Can you elaborate on this? (Or point me to the relevant discussion / code?)

Does CodeGen aggregate code into the Module as you CodeGen each incremental 
chunk? Or do you Link the previously CodeGen'd module into a new one?


================
Comment at: clang/lib/Interpreter/IncrementalExecutor.cpp:56-59
+llvm::Error IncrementalExecutor::addModule(std::unique_ptr<llvm::Module> M) {
+  llvm::orc::ThreadSafeContext TSCtx(std::make_unique<llvm::LLVMContext>());
+  return Jit->addIRModule(llvm::orc::ThreadSafeModule(std::move(M), TSCtx));
+}
----------------
v.g.vassilev wrote:
> lhames wrote:
> > This doesn't look right. The ThreadSafeContext has to contain the 
> > LLVMContext for the module, but here you're creating a new unrelated 
> > ThreadSafeContext.
> Thanks. I think I fixed it now. Can you take a look?

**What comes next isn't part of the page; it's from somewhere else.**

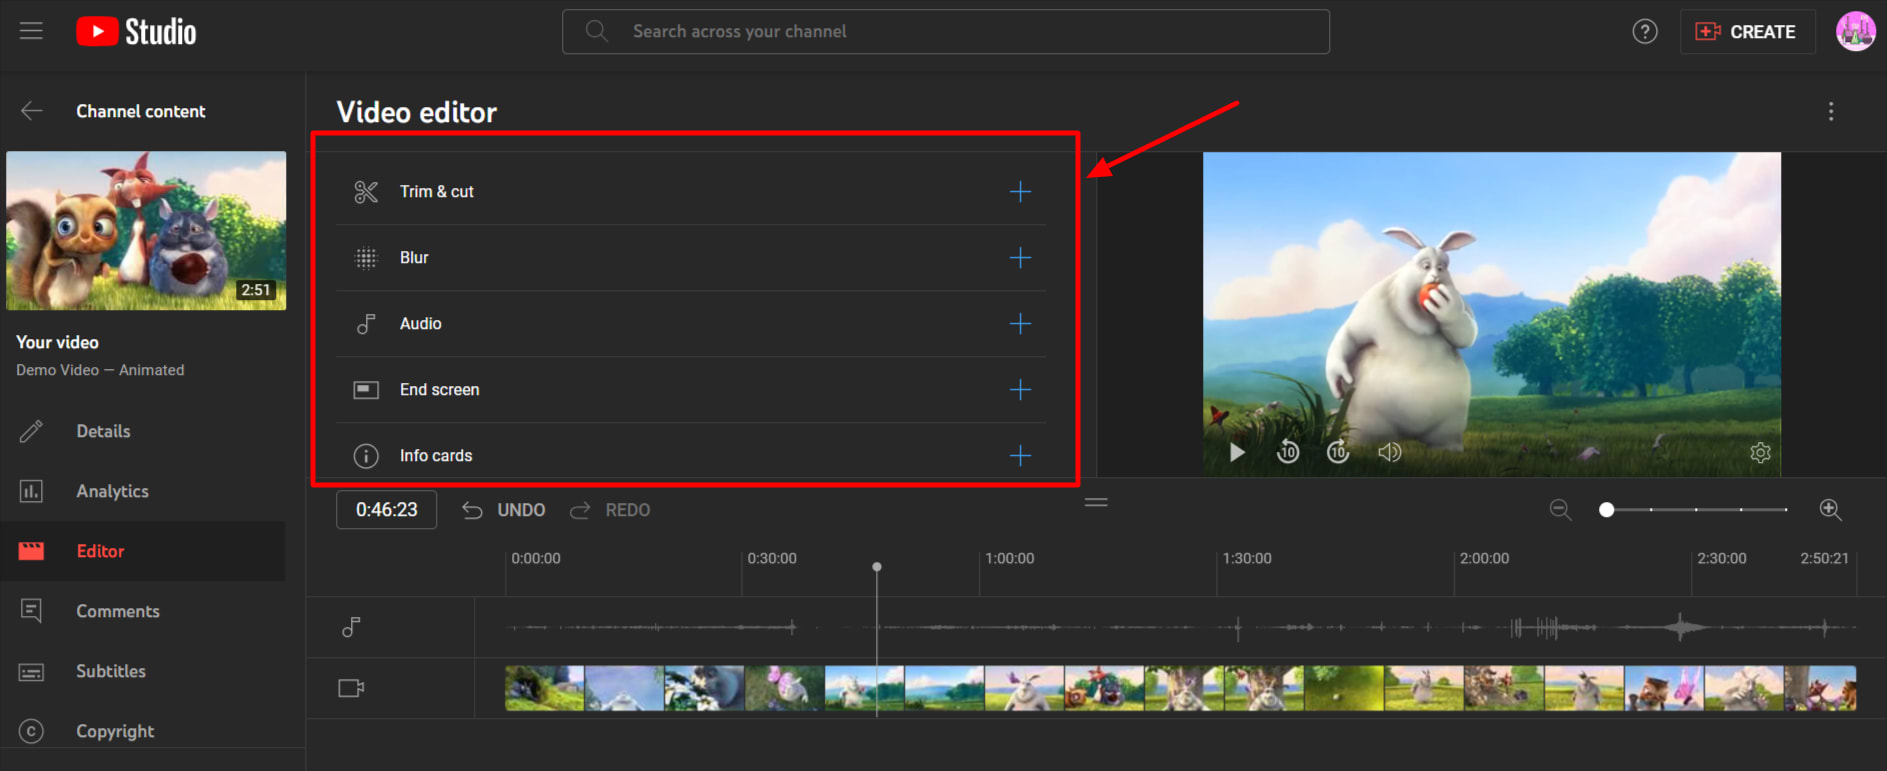 Choose one of five editing options available in YouTube’s editor

Yep -- This looks right now.


================
Comment at: clang/lib/Interpreter/IncrementalExecutor.h:36
+  llvm::Error addModule(std::unique_ptr<llvm::Module> M);
+  llvm::Error runCtors() const;
+};
----------------
v.g.vassilev wrote:
> lhames wrote:
> > v.g.vassilev wrote:
> > > sgraenitz wrote:
> > > > v.g.vassilev wrote:
> > > > > teemperor wrote:
> > > > > > Should we maybe merge `runCtors` and `addModule`? Not sure if there 
> > > > > > is a use case for adding a Module but not running Ctors. Also 
> > > > > > documentation.
> > > > > The case we have is when there is no JIT -- currently we have such a 
> > > > > case in IncrementalProcessingTest I think. Another example, which 
> > > > > will show up in future patches, is the registration of atexit 
> > > > > handlers. That is, before we `runCtors` we make a pass over the LLVM 
> > > > > IR and collect some specific details and (possibly change the IR and 
> > > > > then run).
> > > > > 
> > > > > I'd rather keep it separate for now if that's okay.

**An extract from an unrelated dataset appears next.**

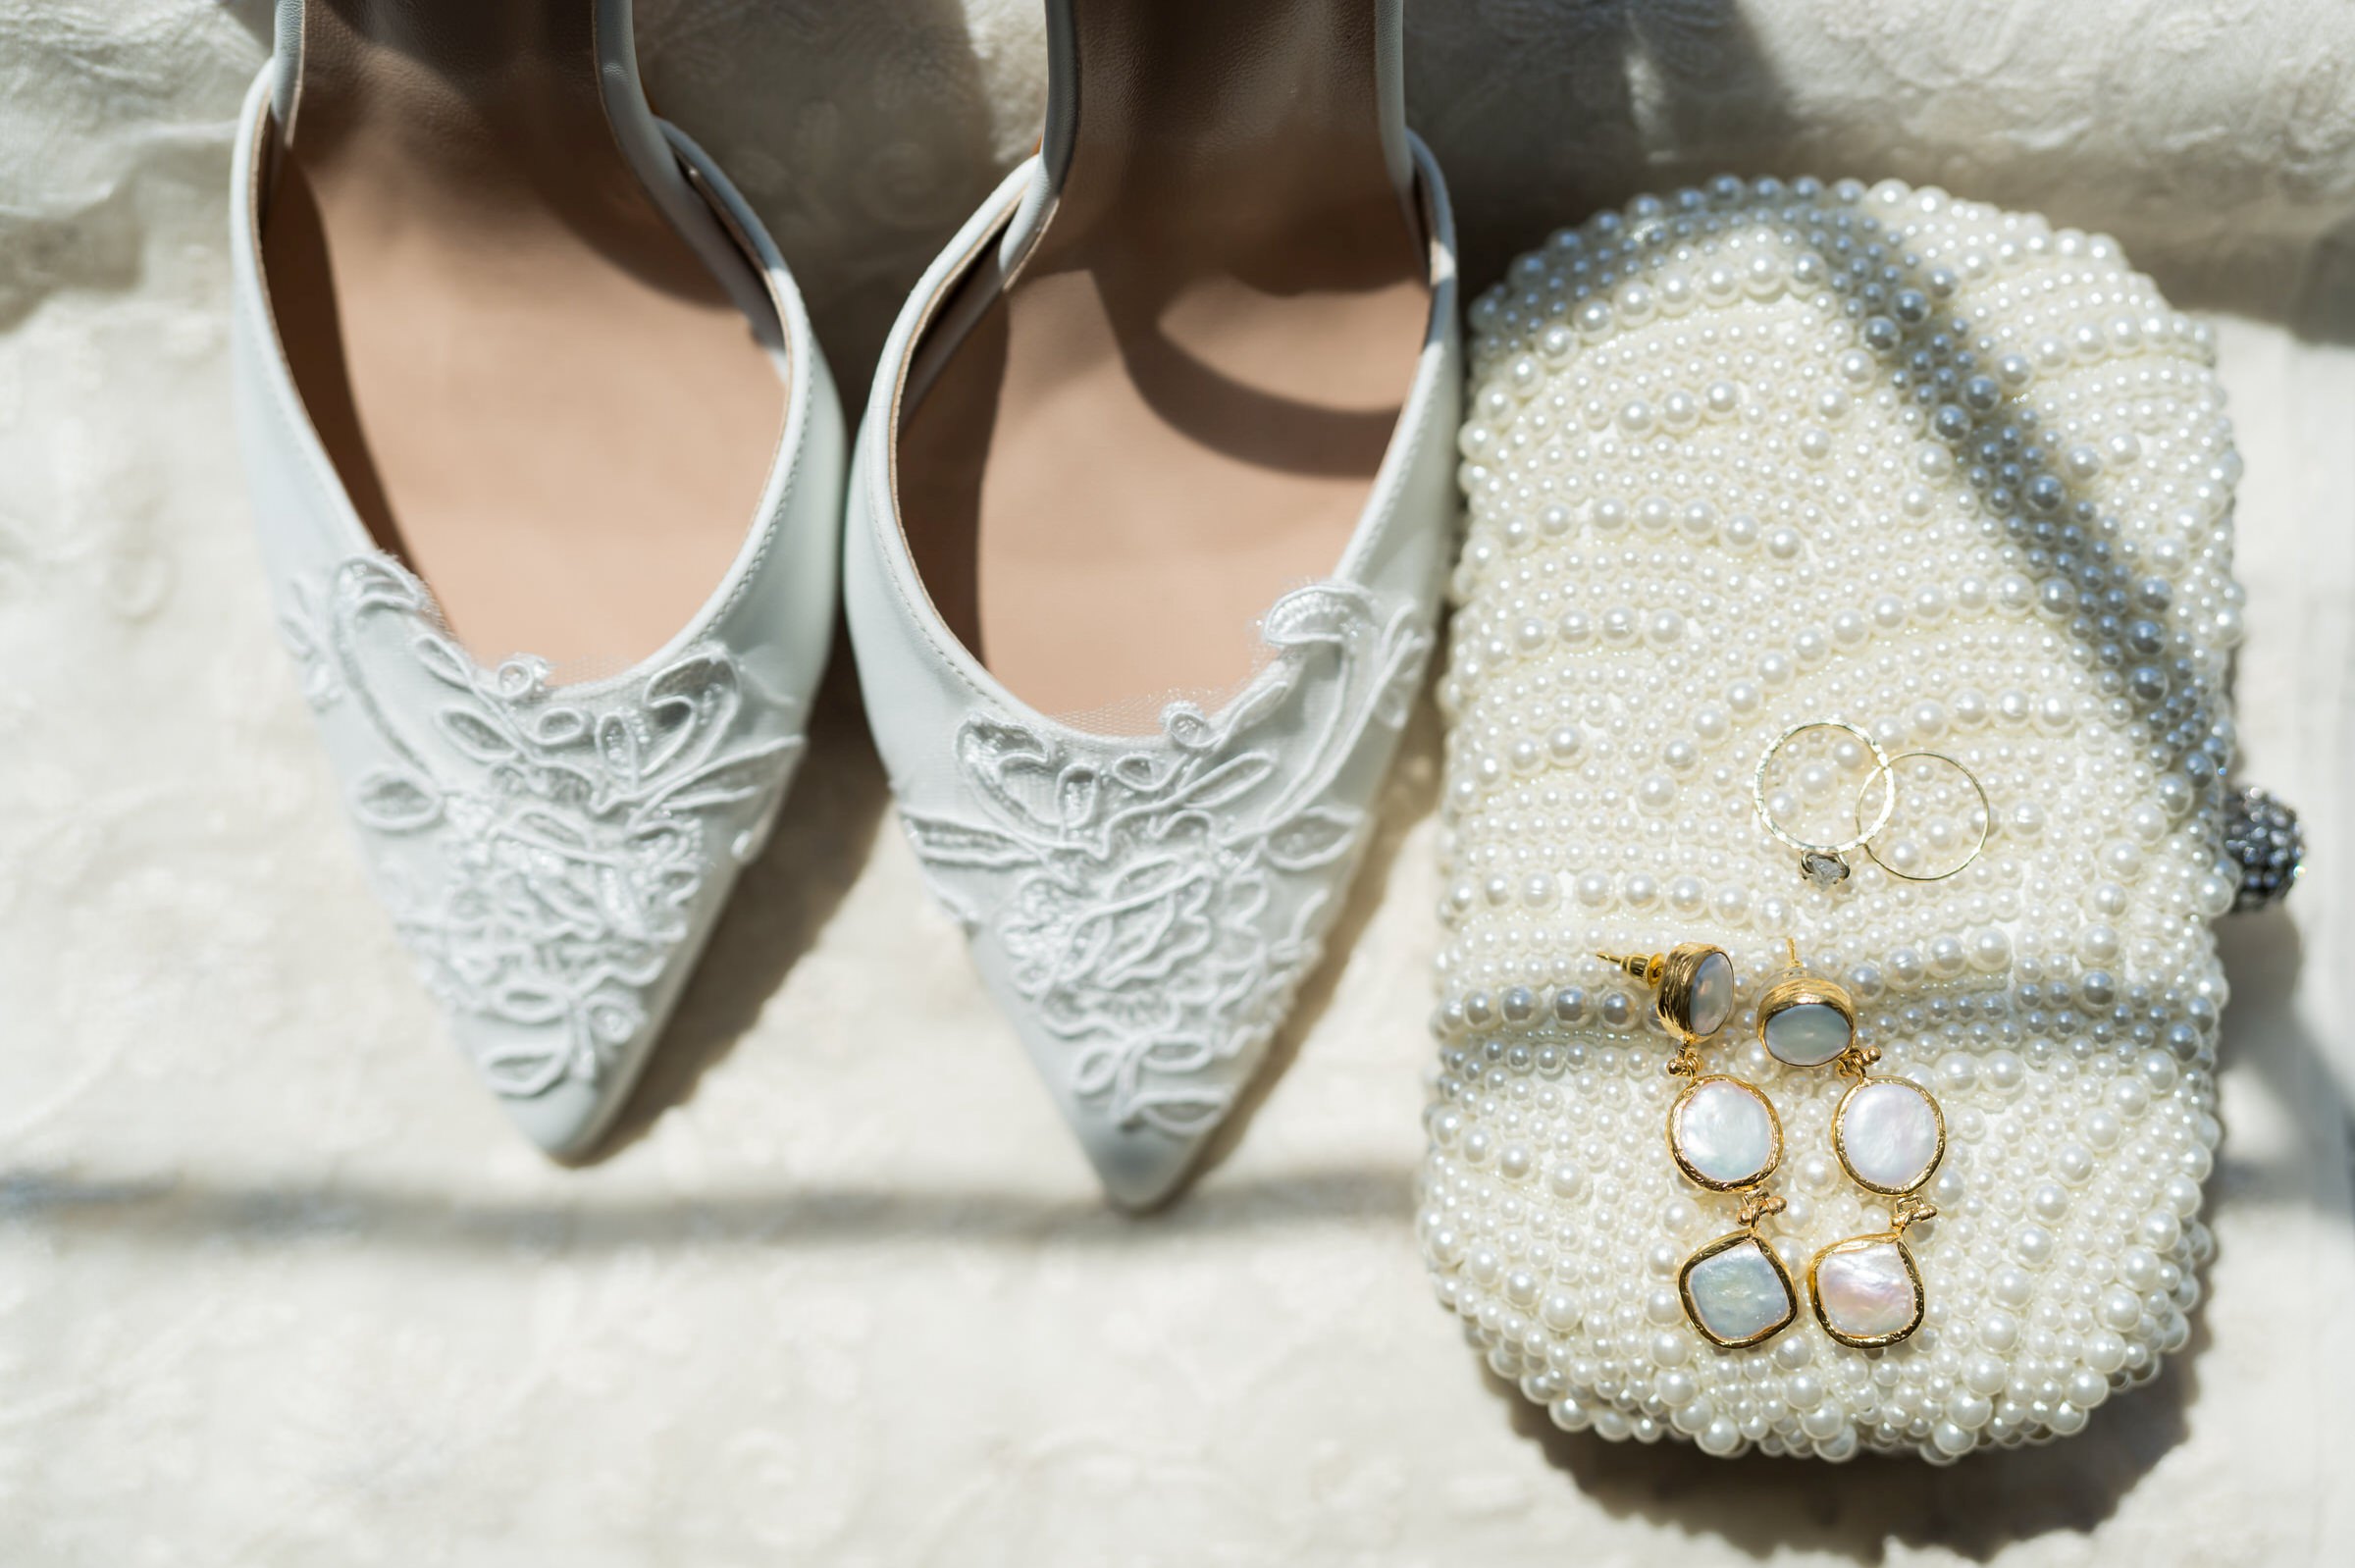 Bride's shoes, earrings and wedding ring at Traverse City wedding.

> > > > > Should we maybe merge runCtors and addModule?
> > > > 
> > > > +1 even though there may be open questions regarding incremental 
> > > > initialization.
> > > > 
> > > > > The case we have is when there is no JIT -- currently we have such a 
> > > > > case in IncrementalProcessingTest
> > > > 
> > > > Can you run anything if there is no JIT? I think what you have in 
> > > > `IncrementalProcessing.EmitCXXGlobalInitFunc` is 
> > > > `getGlobalInit(llvm::Module*)`, which checks for symbol names with a 
> > > > specific prefix.
> > > > 
> > > > > before we runCtors we make a pass over the LLVM IR and collect some 
> > > > > specific details and (possibly change the IR and then run).
> > > > 
> > > > The idiomatic solution for such modifications would use an 
> > > > IRTransformLayer as in:
> > > > https://github.com/llvm/llvm-project/blob/13f4448ae7db1a47/llvm/examples/OrcV2Examples/LLJITWithOptimizingIRTransform/LLJITWithOptimizingIRTransform.cpp#L108
> > > > 
> > > > > Another example, which will show up in future patches, is the 
> > > > > registration of atexit handlers
> > > > 
> > > > `atexit` handlers as well as global ctors/dtors should be covered by 
> > > > LLJIT PlatformSupport. The LLJITBuilder will inject a 
> > > > GenericLLVMIRPlatformSupport instance by default:
> > > > https://github.com/llvm/llvm-project/blob/13f4448ae7db1a47/llvm/lib/ExecutionEngine/Orc/LLJIT.cpp#L125
> > > > 
> > > > It's not as comprehensive as e.g. the MachO implementation, but should 
> > > > be sufficient for your use-case as you have IR for all your JITed code. 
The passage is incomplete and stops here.